×Latest Case Laws on Income Tax by various Income Tax Appellate Tribunals in India
These are the latest case laws decided by various Income Tax Appellate Tribunals (ITAT) of India on Income Tax which have been published recently. The case laws are open for discussion and we invite expert comments from our members on its applicability and effect on relevant issues.
1. These appeals and cross objection are filed by the revenue and assessee against different orders of the Learned commissioner of Income-tax (Appeals) – 28, Mumbai [hereinafter for short “Ld. CIT(A)] for the A.Ys. 2012-13 to 2014-15.
2. The revenue in its appeals raised the following common grounds for all the assessment years i.e., A.Y. 2012-13 to 2014-15.
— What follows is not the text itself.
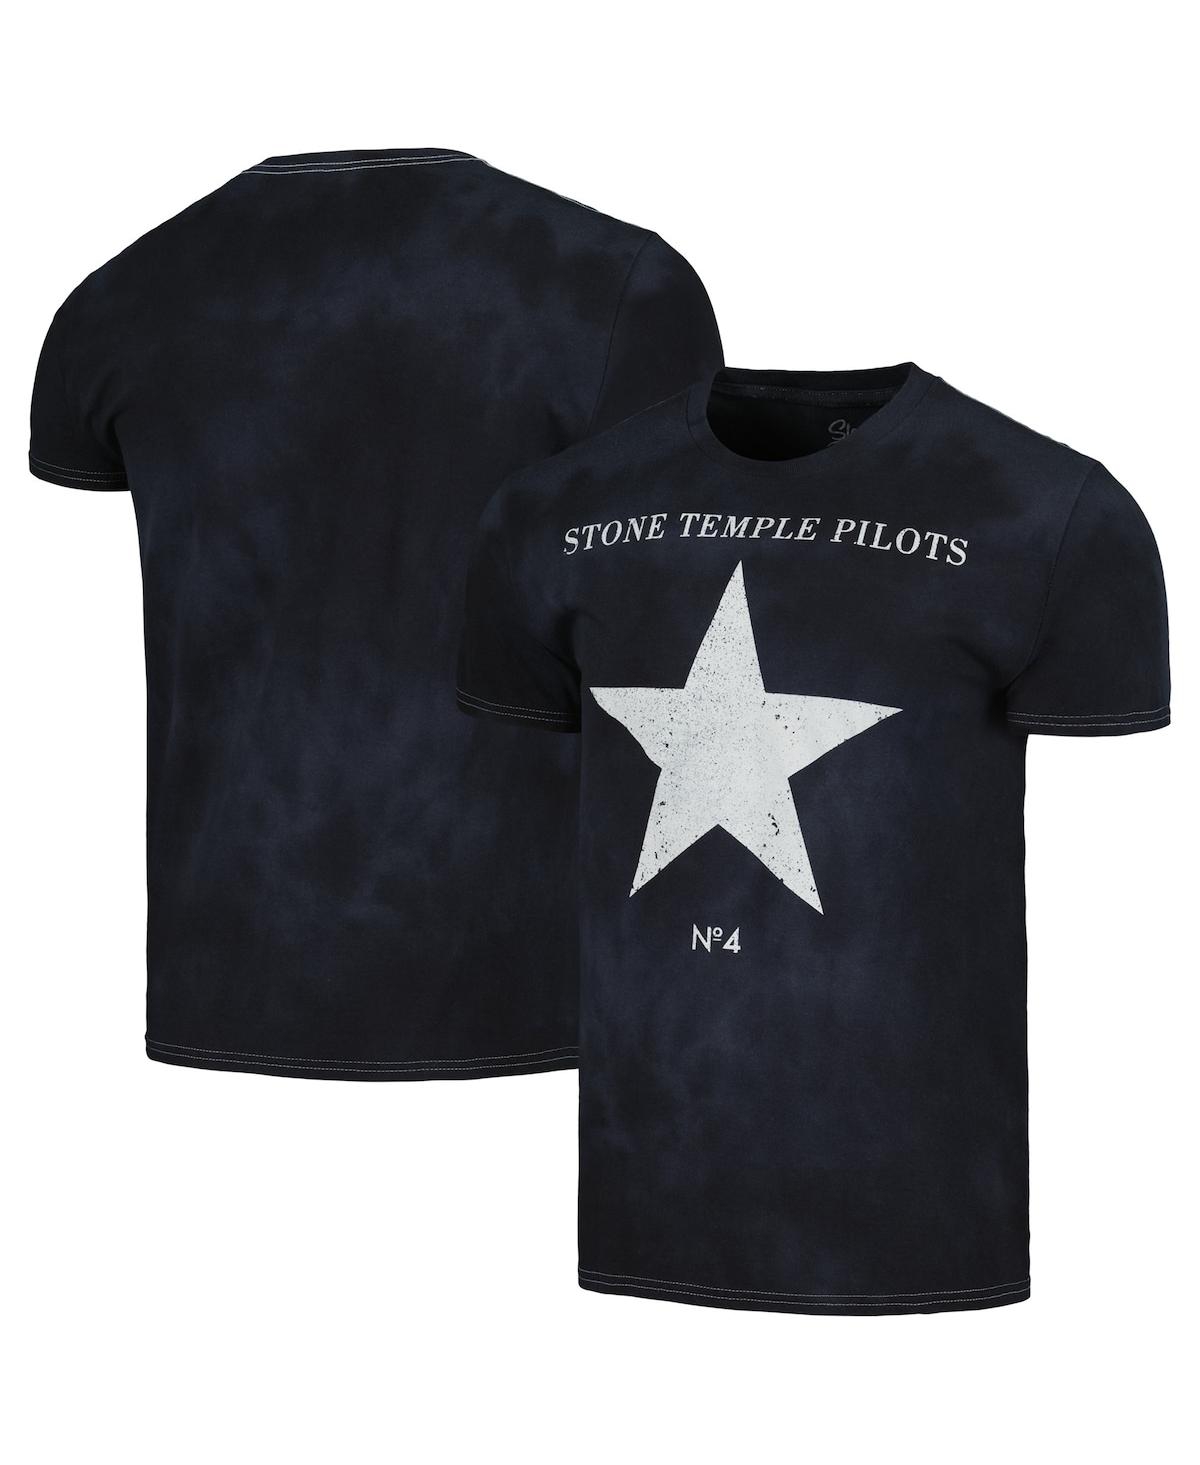 Men's Black Distressed Stone Temple Pilots No. 4 T-shirt - Black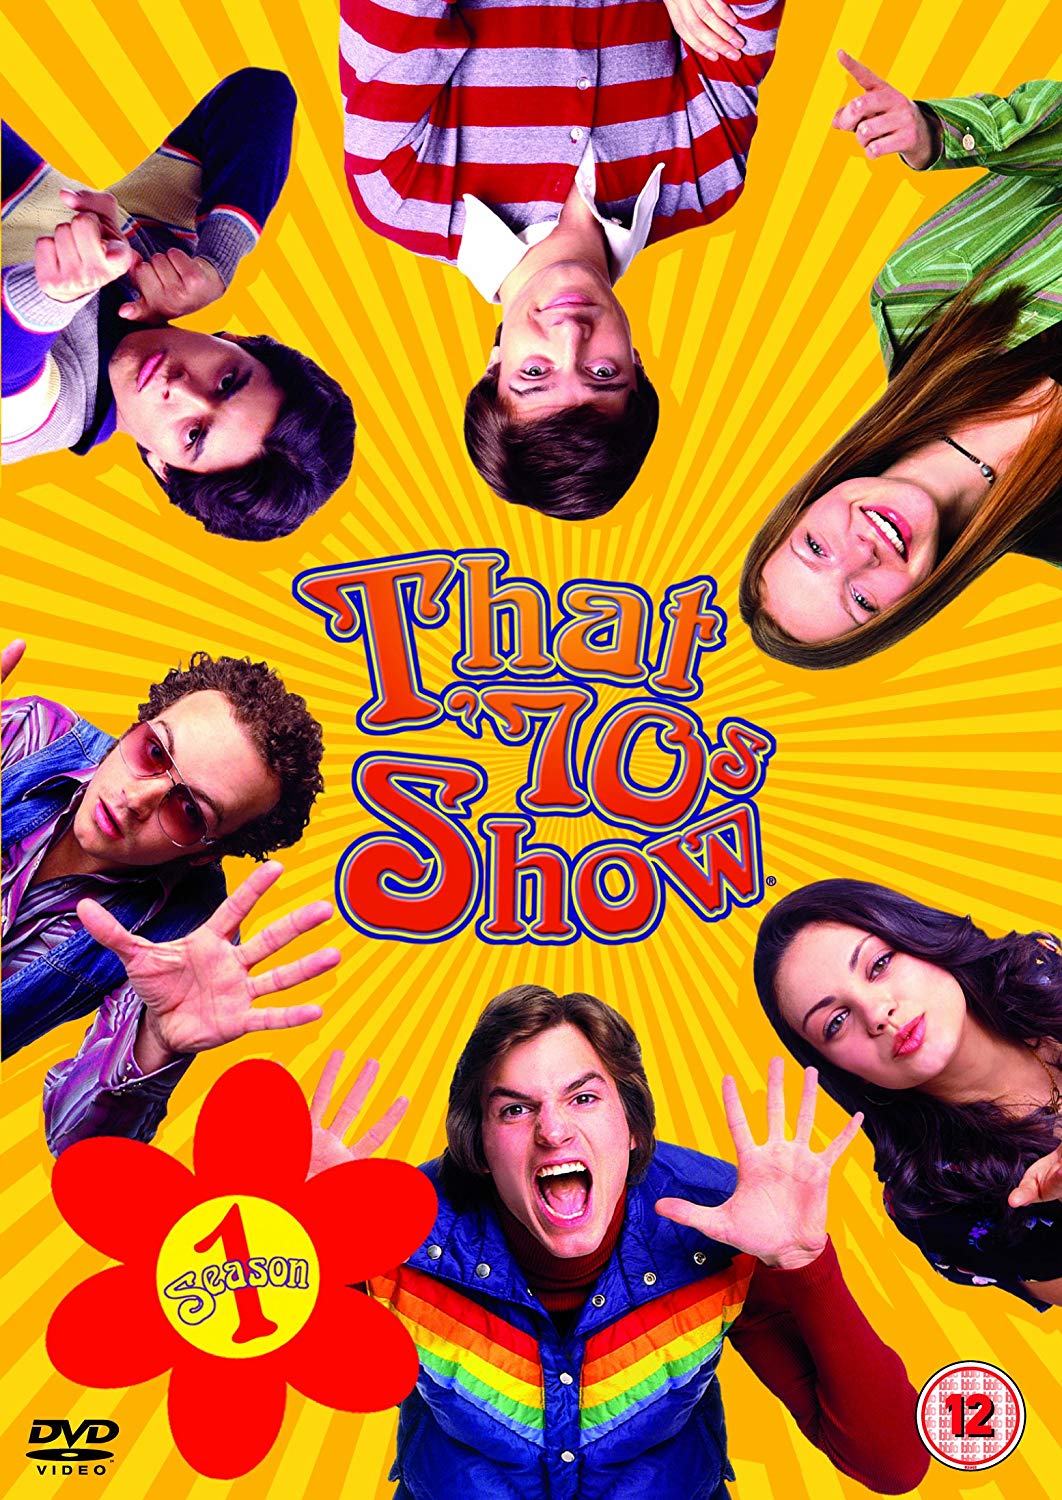 70s Show Season 1 Poster 1062x1500 Wallpaper teahub.io

1. "On the facts & circumstances of the case and in law, the learned CIT(A) has incorrectly allowed the set off of unabsorbed depreciation of the deceased person in the hands of the legal heirs based on section 78(2) of the I. T Act whereas, under section 78(2) of the Act only losses are allowed to set off and not any unabsorbed depreciation in the hands of the legal heirs."
2. "On the facts & circumstances of the case and in law, the learned CIT(A) has wrongly applied the Hon'ble Supreme Court Judgement in the case of Saroj Aggarwal vs. CIT (1985) 156 ITR 497 (SC), wherein the judgement does not apply to the facts of the case, as it talks about only carry forward and set off of losses and not unabsorbed depreciation.
3. "On the facts & circumstances of the case, the order of Ld.CIT(A) is perverse and deserves to be cancelled."
4. "The appellant prays that the order of the A.O. should be restored and order of the CIT(A) should be set aside."
3. The speaking order of the Ld. CIT(A) is for the A.Y. 2013-14 which was followed for the A.Y. 2012-13 and 2014-15. Thus, we take up the appeal for the A.Y. 2013-14 for the sake of convenience.
4. Briefly stated the facts are that, the assessee is a partnership firm engaged in the business of transportation, filed return of income for the A.Y. 2013-14 on 26.09.2013 declaring NIL income after claiming setoff of unabsorbed depreciation. The Assessing Officer while completing the assessment observed that assessee claimed setoff of unabsorbed depreciation pertaining to A.Y. 2007-08 to A.Y. 2011-12 and the assessee was required to give justification for the same, since according to the Assessing Officer assessee has already claimed setoff of unabsorbed depreciation for the A.Y. 2012-13. In response to the query raised by the Assessing Officer the assessee vide letter dated 08.02.2016 furnished its reply stating that Late Mr. Virchand Narshi Soni expired on 08.12.2008. He was carrying on the business under the name and style of Narshi Nanshi & Sons as a proprietor. Assessee submitted that after his demise his legal heirs continued the same business as a partnership firm w.e.f. 09.12.2008 under the same trade name using the same place of business, telephone lines etc. It was also submitted that business recoveries are affected in the firm’s name and the subsisting transactions are cleared and the assets of the business are utilized in clearing the liabilities by the heirs in the process of carrying on the business as successors through partnership firm. Therefore, it was contended that as per the provisions of the section 78(2) of the Act the unabsorbed depreciation and business loss of proprietary concern is to be setoff against the income of the partnership firm. Accordingly, the unabsorbed depreciation and business loss of the erstwhile proprietary concern has been carried forward by the successor partnership firm and setoff against income of the firm.
5. Not convinced with the reply the Assessing Officer disallowed claim for set off of unabsorbed depreciation/business loss observing that unabsorbed depreciation cannot be carried forward for set off by another person other than the person who has incurred depreciation on his fixed assets. The assessee carried the matter before the Ld. CIT(A) and the Ld. CIT(A) following the decision of the Hon'ble Supreme Court in the case of the CIT v. Madhukant M. Mehta [247 ITR 805] allowed the claim of the assessee. Further, reliance was also placed by the Ld. CIT(A) on the decision of the Hon'ble Supreme Court in the case of the Saroj Aggarwal v. CIT [156 ITR 497].
6. Ld. DR vehemently supported the orders of the Assessing Officer and whereas the Ld. Counsel for the assessee strongly placed reliance on the decision of the Hon'ble Supreme Court in the case of the CIT v. Madhukant M. Mehta (supra) and also supported the order of the Ld.CIT(A).